This is a personal learing note on some of the baisc settings I have encountered so far in a learning theory course. If there is any typo or other kind of mistake, I’d be happy if you could let me know.
One of the main idea behind learing theory is to figure out why machine learning algorithms work from a statistical or mathematical perspective. This article talks about the basic settings used in learning theory.
Supervised Learing
From the very beginning, we formalize our setting with supervised learning.
In supervised learning, we have input space $\cal X$, output space $\cal Y$ and a training set of size n $(x_1,y_1),\ldots,(x_n,y_n)\in \cal X\times Y$ that are drawn iid from a certain distribution $\cal P$. Our goal is to find a predictor $\hat y:\cal X\mapsto Y\in Y^X$ that can predict precisely. In practice, to measure how precise a predictor is (or how well does it perform), we use a loss function $l:\cal Y^X\times(X\times Y)\mapsto \Bbb R$ and compute the average loss on samples that is indepent from the training set. This is a common technique to quantify our goal, but in theory we use expected loss on population instead of averaged loss on a certain test.

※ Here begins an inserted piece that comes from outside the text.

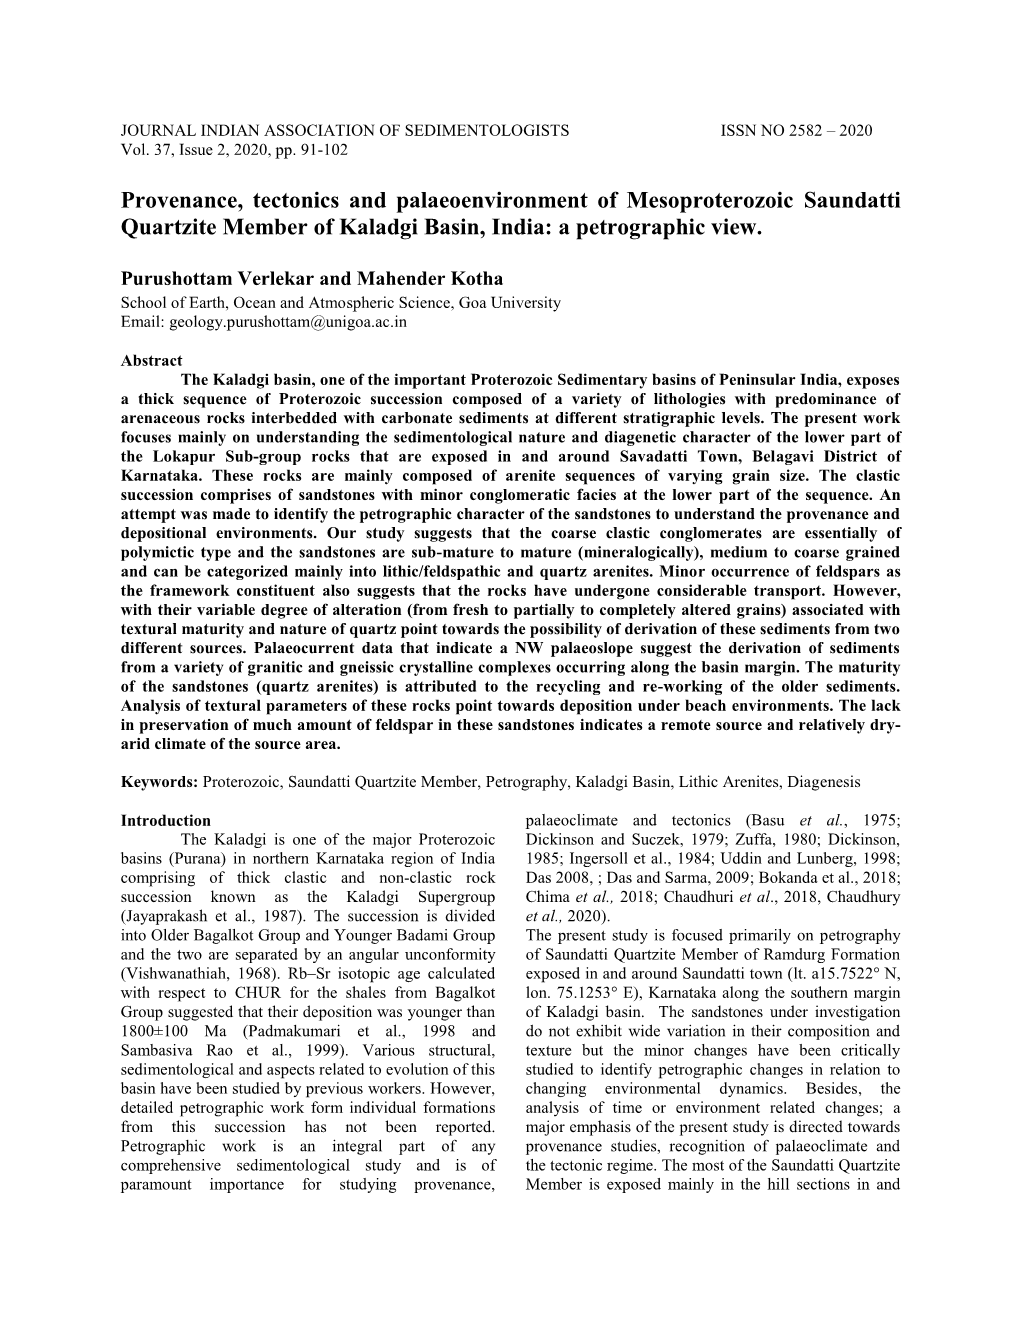 Provenance, Tectonics and Palaeoenvironment of Mesoproterozoic Saundatti Quartzite Member of Kaladgi Basin, India: a Petrographic View
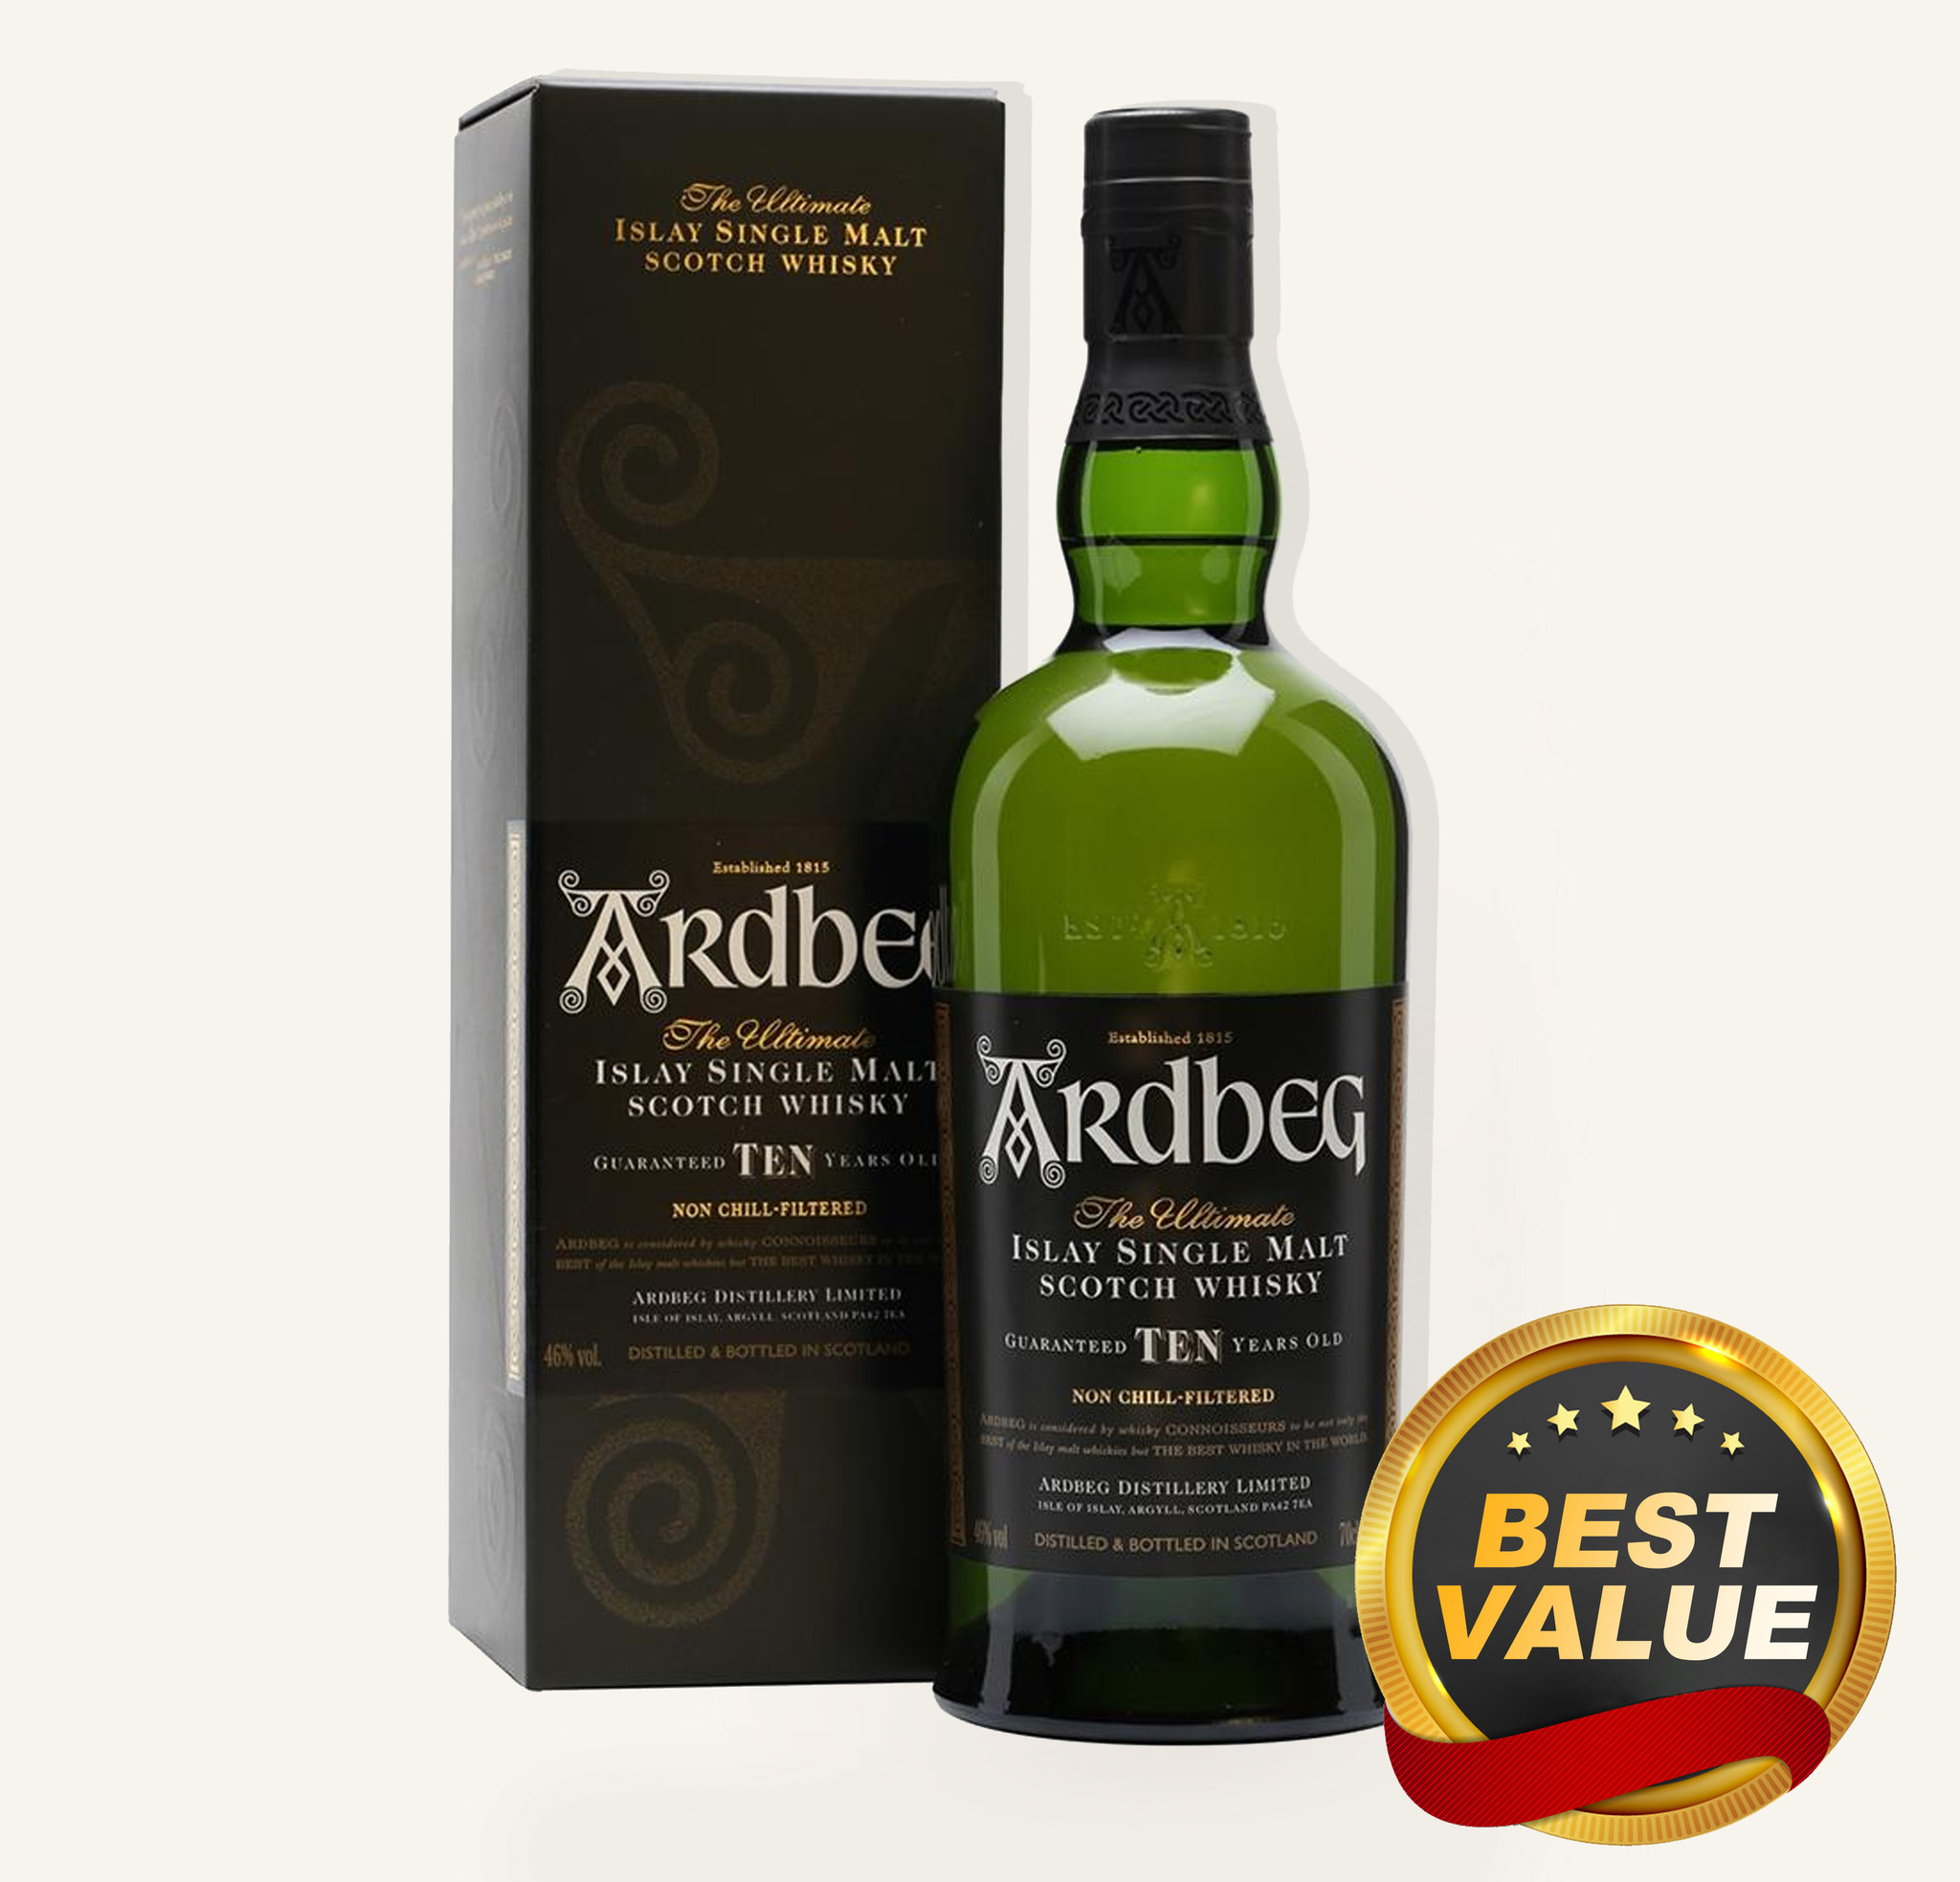 Uigeadail Single Malt Scotch Whisky, Ardbeg, Islay (Gift Boxed

Therefore, we formalize our objective as the expected loss in population and call it risk.
Definition(risk): $$ L(\hat y):=\Bbb E_{z\sim\cal{P}}[l(\hat y,z)] $$
Note that here we use the notation $z$ instead of $(x,y)$ to represent data points. Also, it is worth to mention that $L(\hat y)$ is still a random variable as $\hat y$ depends on algorithm $\cal A$ (could be randomized algorithm) and training dataset $z_{1:n}$ (set of random variable drawn from distribution $\cal P$).
Next, we introduce reference class $\cal F\sube Y^X$ that is normally the space that we choose our predictor from. E.g. in OLS, we have reference class $\cal F=\{f:f(x)=w^{\it T}x+b\vert w\in \Bbb R^m,b\in \Bbb R\}$ which is the set of all linear functions.
However, there are also cases in which algorithms can derive predictor that does not belong to $\cal F$. In such cases, we say these algorithms are improper. And inversely, we say an algorithm is proper if its output space is within $\cal F$.
This may cause confusion to some readers since we usually use the concept of parameter space instead of reference class. One reason we use it here is that we want to be more generalized. As parameter space does not reflect how the prectors are and we want to fit our framework to different learning problems(such as supervised learing, unsupervised learing and density estimation).
Another reason is that we want to be agnostic. In most cases discussed in this article, we do not make much assumptions on distribution $\cal P$. Instead, we incorporate our prior knowledge into the choice of reference class $\cal F$.
Although our ultimate goal is to minize risk as we described above, the main subject of these article is actually just part of it. Since what we are interested in is how could machine learning algorithms derive a good predictor given a certain reference class(we care less about how they are choosed), we care more about generalization error.
Definition(excess risk): $$ \Bbb E[L(\hat y)] - \inf_{f\in \cal F} L(f) $$
Other parts of the risk is known as representation error and optimization error. Representation error depends on how representative a reference class is and is naturally identified as $\inf_{f\in \cal F} L(f)$. Optimization error is introduced when we talks about optimization processes in algorithms.
We say there exists at least one policy(or say algorithm) $\pi$ that its excess risk is at least $\cal V^{iid}(F,n)$ for any $\cal P$.
Definition(the value of the game): $$ \cal V^{iid}(F,n):=\inf_{\pi}\sup_{P}\left(\Bbb E[\it L(\hat y)] - \inf_{f\in \cal F} L(f)\right) $$ So the value of the game actually measures what an one-fits-all algorithm can do: it will do as worst as this value in adversrial environment but no worse than this value in any other environment.